Propane generators also require less frequent maintenance than their gaseous counterparts.

The dizzying array of options and the daunting nature of electricity can make purchasing a generator difficult. Fortunately, a short tutorial on generator types can help narrow your search.

There are basically two types of generators: standby and portable. If your home uses natural gas or propane, the corresponding standby gas or propane generator can tap into your local gas utility line. In the event of a power outage, back up power is received automatically via the standby generator. Portable generators are cheaper but only allow you to use power a few hours at a time. Portable generators can be powered by gasoline, diesel, or propane. These types of generators are ideal for campgrounds or contractors working at remote construction sites.

CHOOSING FUEL: Generators can be powered by gasoline, diesel, or propane. While gasoline is probably the most common generator fuel source, it isn't necessarily the best. Its advantages are that it's cheap, readily available at gas stations and provides substantial power. But gasoline doesn't perform well in cold temperatures. It's also difficult to transport and it smells.

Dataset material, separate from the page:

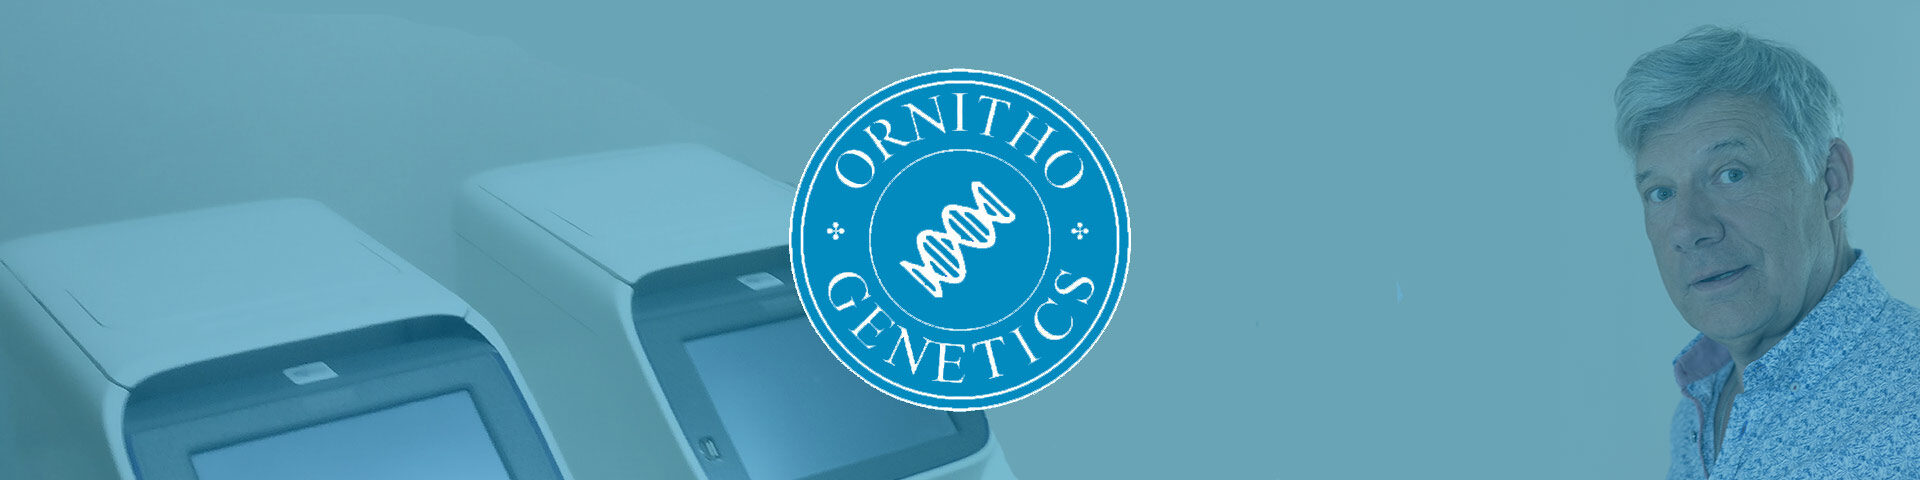 Ornitho-Genetics VZW

The propane generator is the type favored by most home users to supply their residence with backup electric power. Since gasoline tends to go bad after a few months, there are several situations in which it is more desirable to count on a propane generator for power. Using a propane generator ensures that there will be no cold weather starting problems. Propane generators also require less frequent maintenance than their gaseous counterparts. Farms commonly employ propane-powered generators, which can provide the same power as gasoline but can run uninterruptedly if connected to a big tank or a gas pipeline.

Additional advantages of using propane for your propane generators include:

  • Long shelf life
  • Clean burning
  • Easily stored in both large tanks or smaller 5-10 gallon cylinders
  • Obtainable during power outages
  • Home delivery available for large tanks

However, on the down side, propane is more expensive than natural gas and propane generators provide ten percent less power than gasoline.

Diesel fuel is another option when it comes to powering generators. Similar to gasoline, it can be purchased easily and provides good power output. However, diesel generators require deliveries of diesel fuel and a large holding tank. In addition, while diesel generators have cleaned up their act considerably in recent years, diesel generators are still not as clean-burning as other types.

It is highly recommended that a professional install your propane generator, since wiring and equipment of propane generators must be in line with National Electrical Code regulations, local ordinances and your power supplier. As an extension of power service, the generator must provide the same type of electricity at the same voltage and frequency as supplied by the power lines.

To prolong the life of your propane generator, make sure the unit is kept clean and in good running condition at all times, as to be ready for immediate use. Accumulated dust and dirt may affect propane generator performance. Also, follow maintenance instructions in the user's guide. Regularly scheduled "warm-ups" are advised in order to keep your propane generator working properly.